---- DATASET
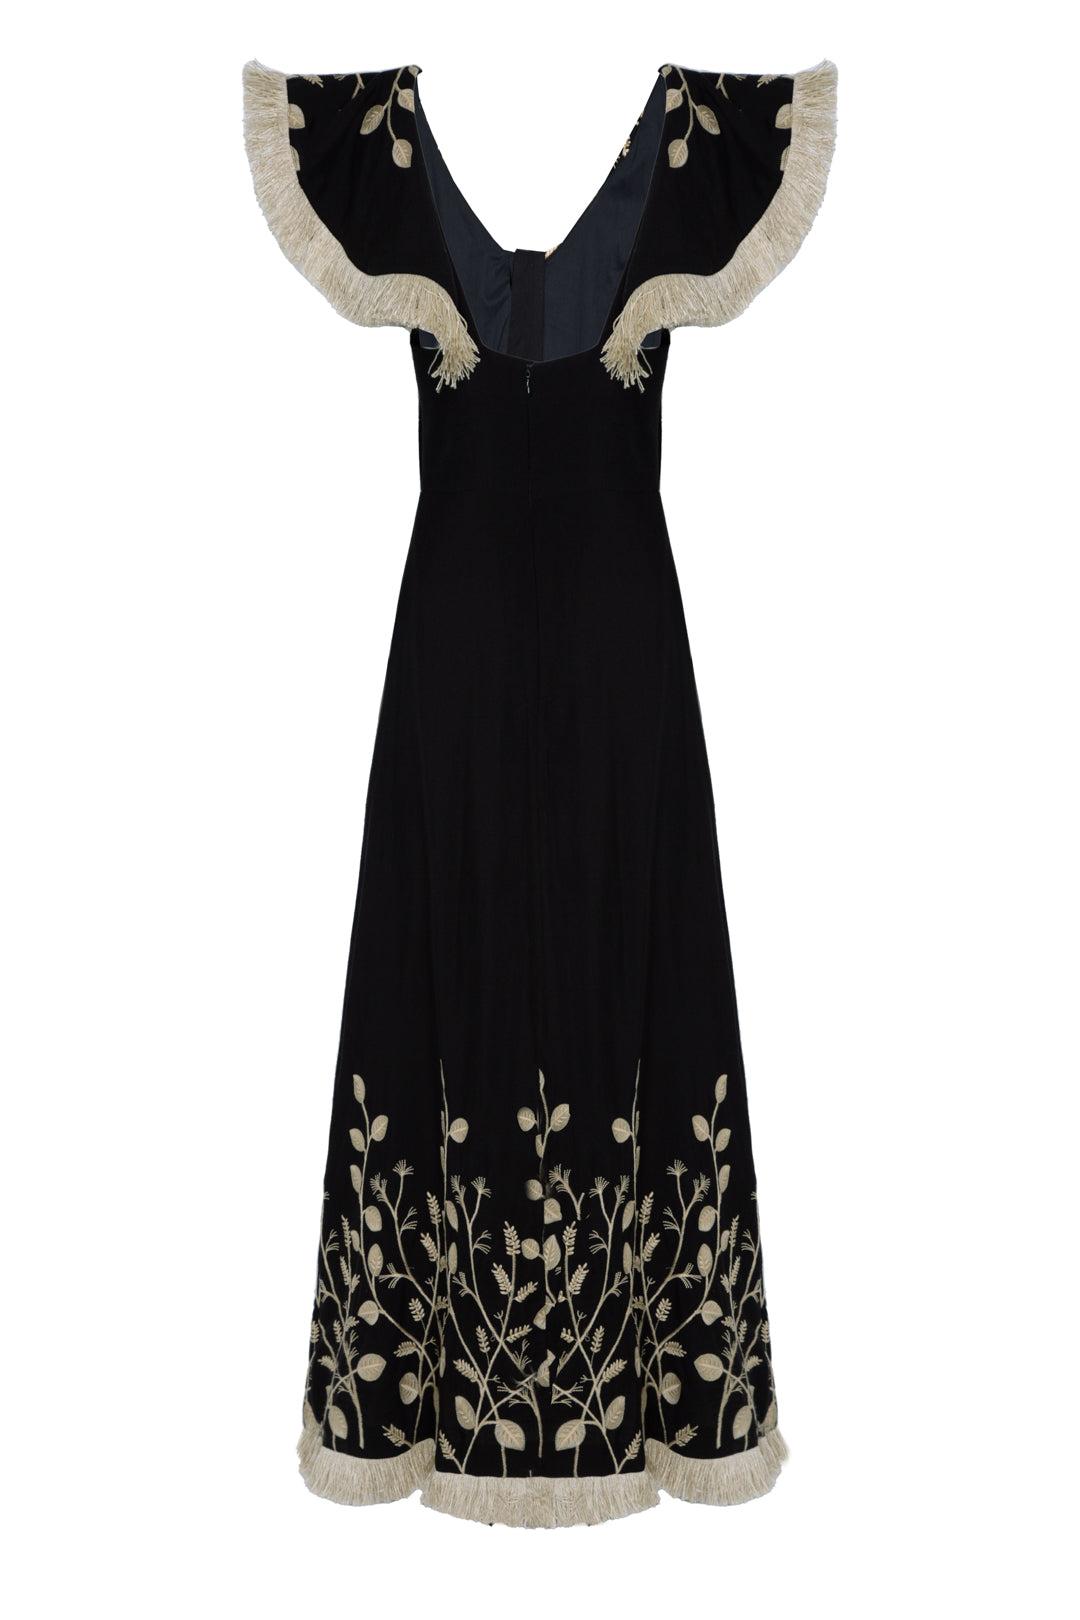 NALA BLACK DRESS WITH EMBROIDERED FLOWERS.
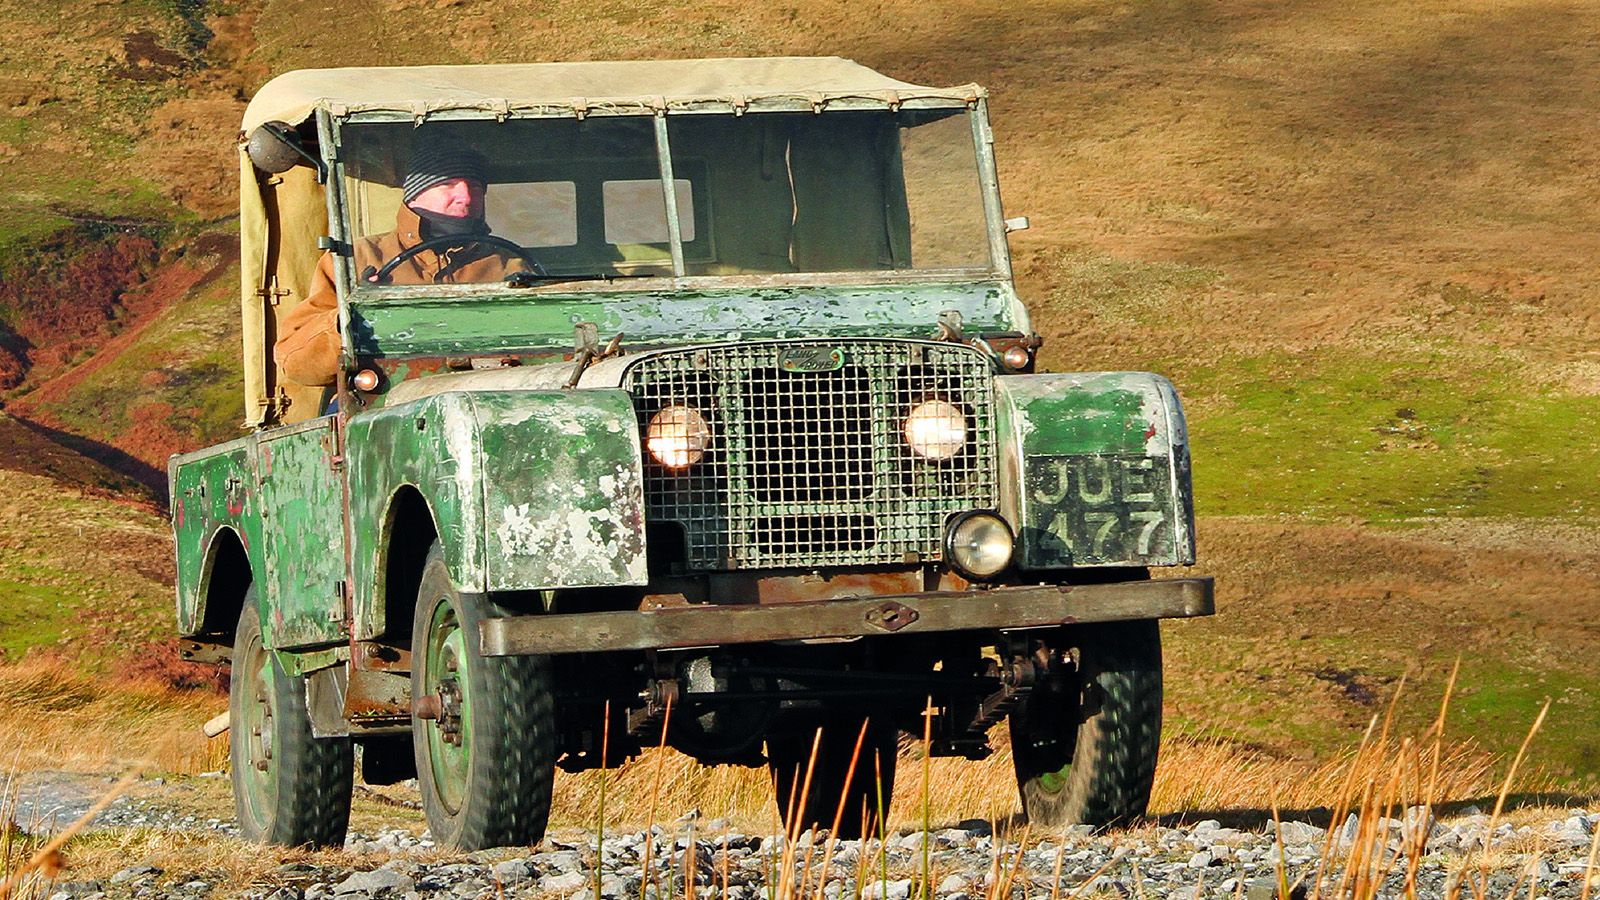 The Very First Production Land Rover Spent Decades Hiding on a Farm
--------
---- DATASET
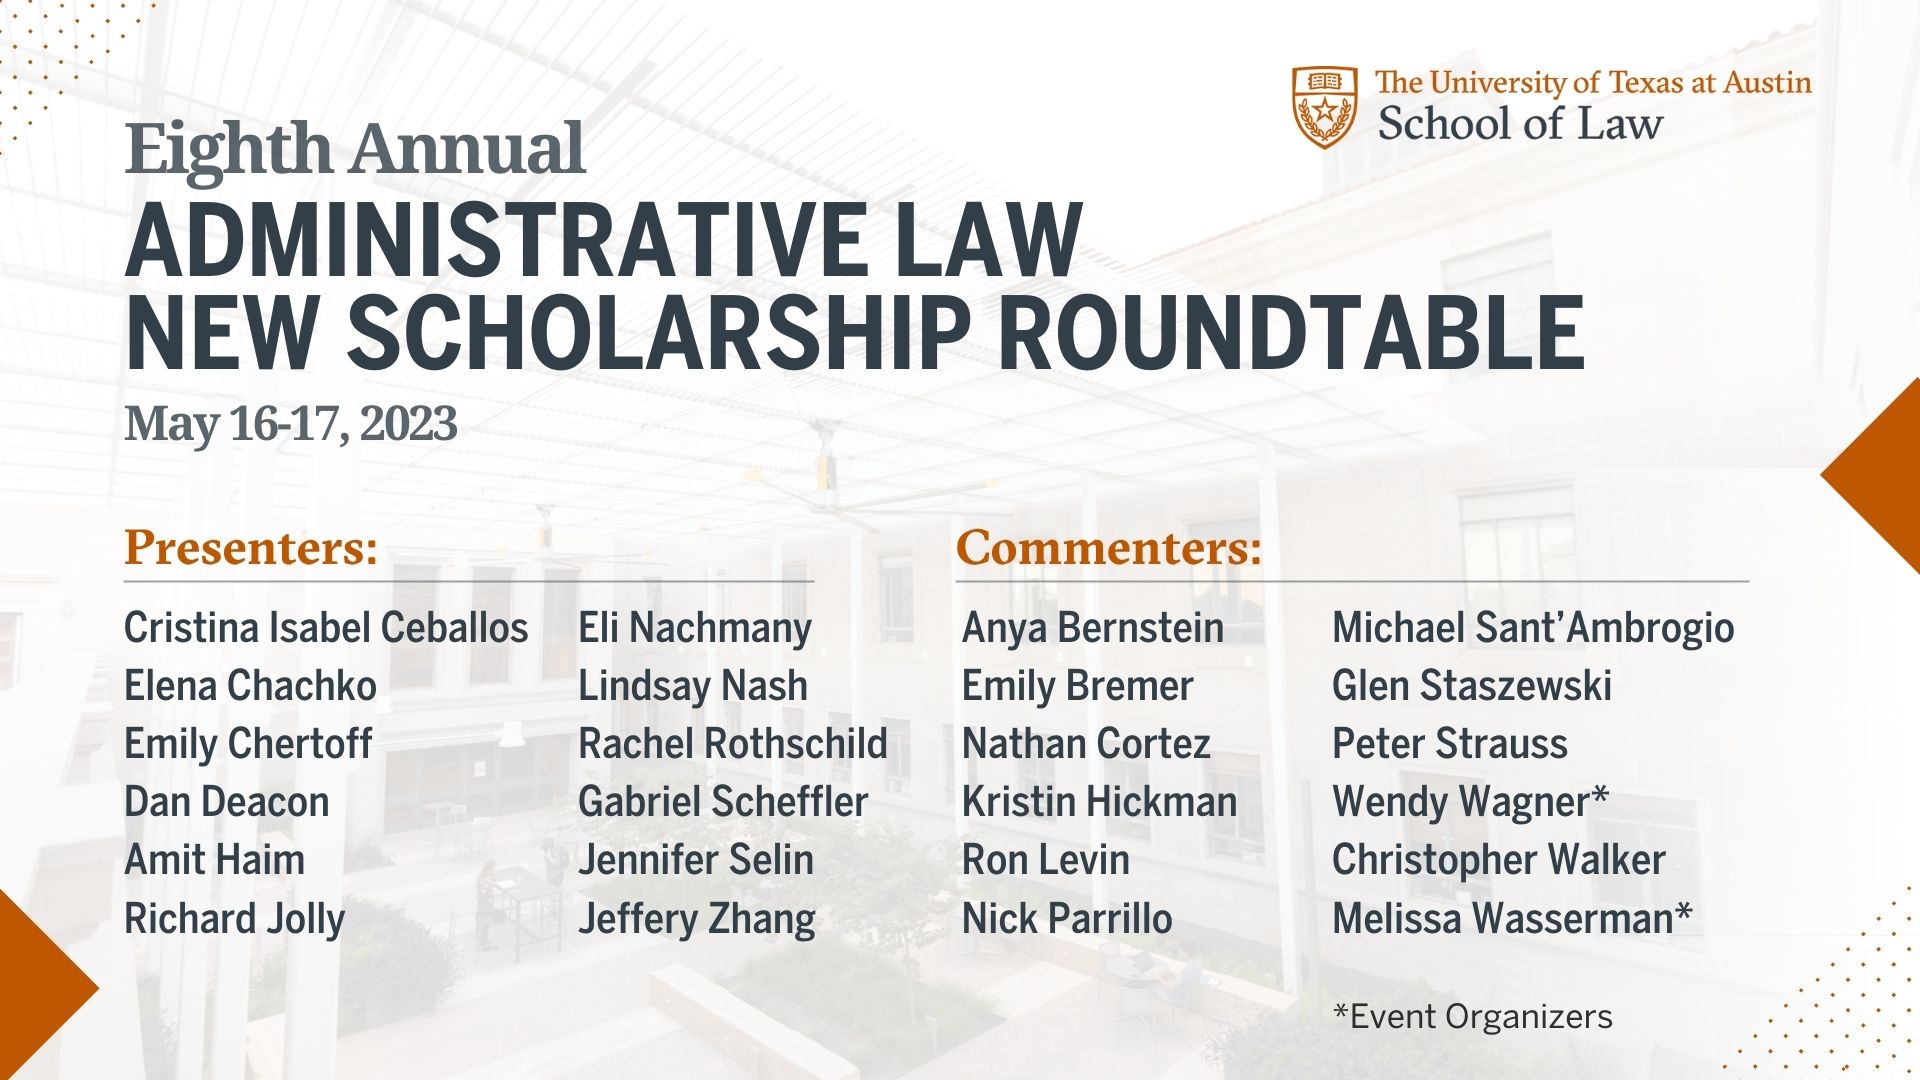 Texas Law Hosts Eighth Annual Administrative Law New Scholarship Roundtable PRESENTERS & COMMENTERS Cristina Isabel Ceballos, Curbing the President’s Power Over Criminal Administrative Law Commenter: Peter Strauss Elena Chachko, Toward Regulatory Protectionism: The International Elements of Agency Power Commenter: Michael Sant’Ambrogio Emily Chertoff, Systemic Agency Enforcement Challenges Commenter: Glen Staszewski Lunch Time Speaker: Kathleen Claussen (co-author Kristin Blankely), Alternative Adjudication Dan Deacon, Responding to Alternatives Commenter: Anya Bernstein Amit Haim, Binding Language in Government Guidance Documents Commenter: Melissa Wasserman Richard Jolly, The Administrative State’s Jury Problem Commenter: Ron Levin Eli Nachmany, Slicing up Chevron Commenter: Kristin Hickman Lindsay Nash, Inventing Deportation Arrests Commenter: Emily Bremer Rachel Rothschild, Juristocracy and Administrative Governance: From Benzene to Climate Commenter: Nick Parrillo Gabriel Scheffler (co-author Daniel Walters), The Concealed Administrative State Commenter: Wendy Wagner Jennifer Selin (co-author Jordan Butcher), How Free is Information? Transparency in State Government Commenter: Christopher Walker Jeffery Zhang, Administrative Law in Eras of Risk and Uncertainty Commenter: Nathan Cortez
--------
---- DATASET
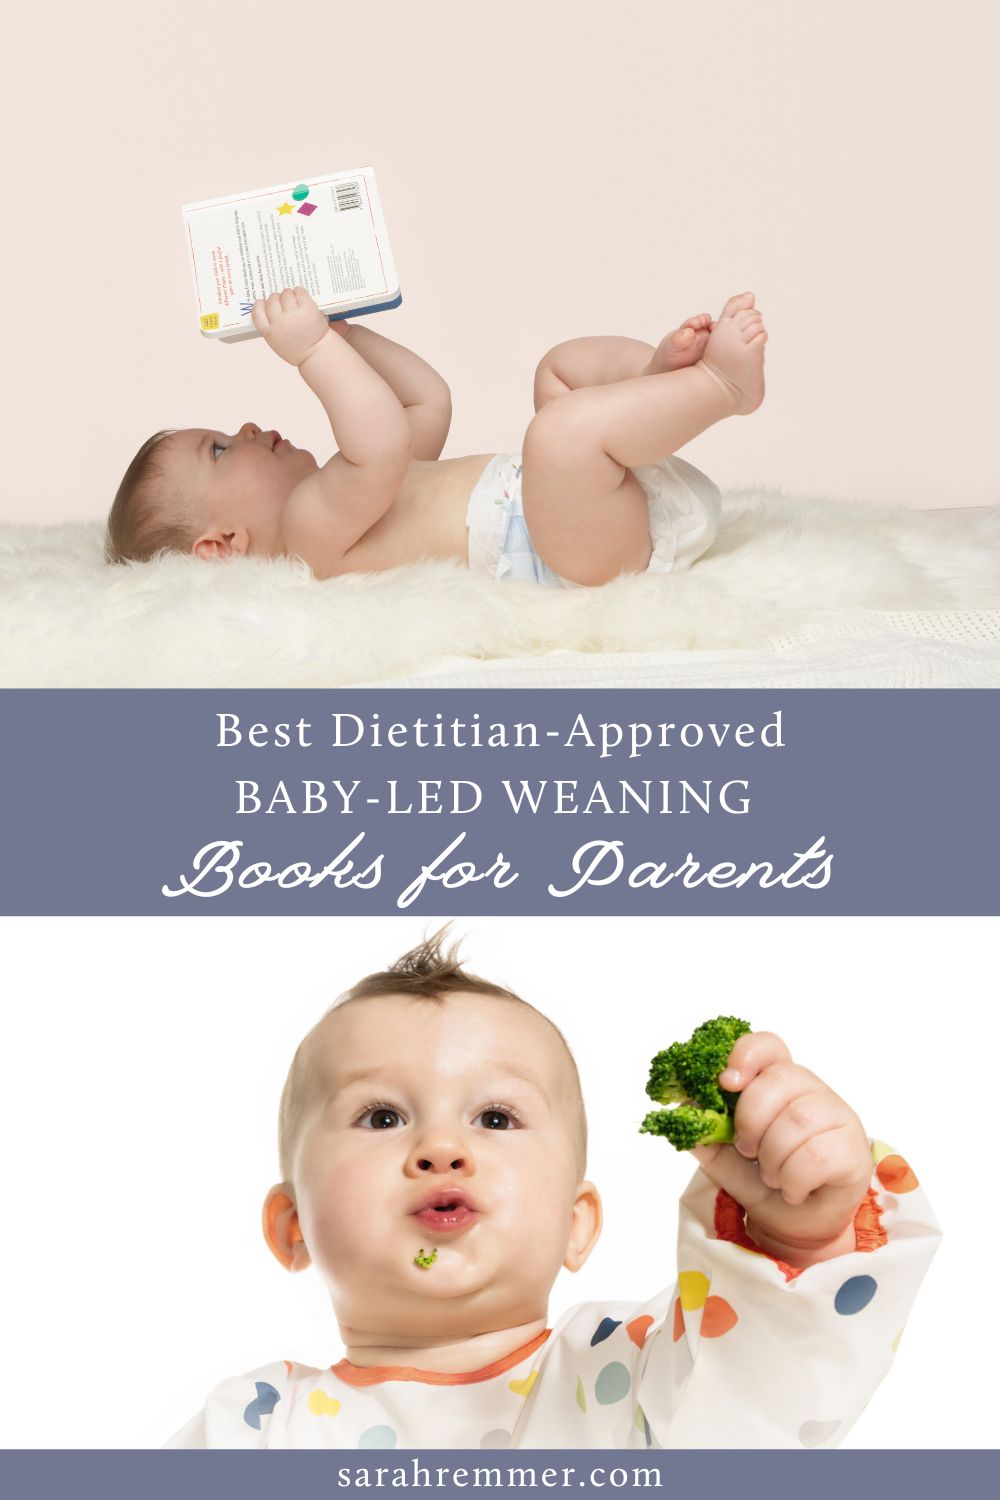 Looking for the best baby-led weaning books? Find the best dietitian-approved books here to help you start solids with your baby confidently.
--------
• YOUR INSTRUCTIONS: Every line above in the stretch from the one with "NALA BLACK DRESS WITH EMBROIDERED FLOWERS." through the one with "The Very First" is to be transcribed exactly, ends included. No picture is copied.

• RESULT OF THE TASK:
 NALA BLACK DRESS WITH EMBROIDERED FLOWERS.
 The Very First Production Land Rover Spent Decades Hiding on a Farm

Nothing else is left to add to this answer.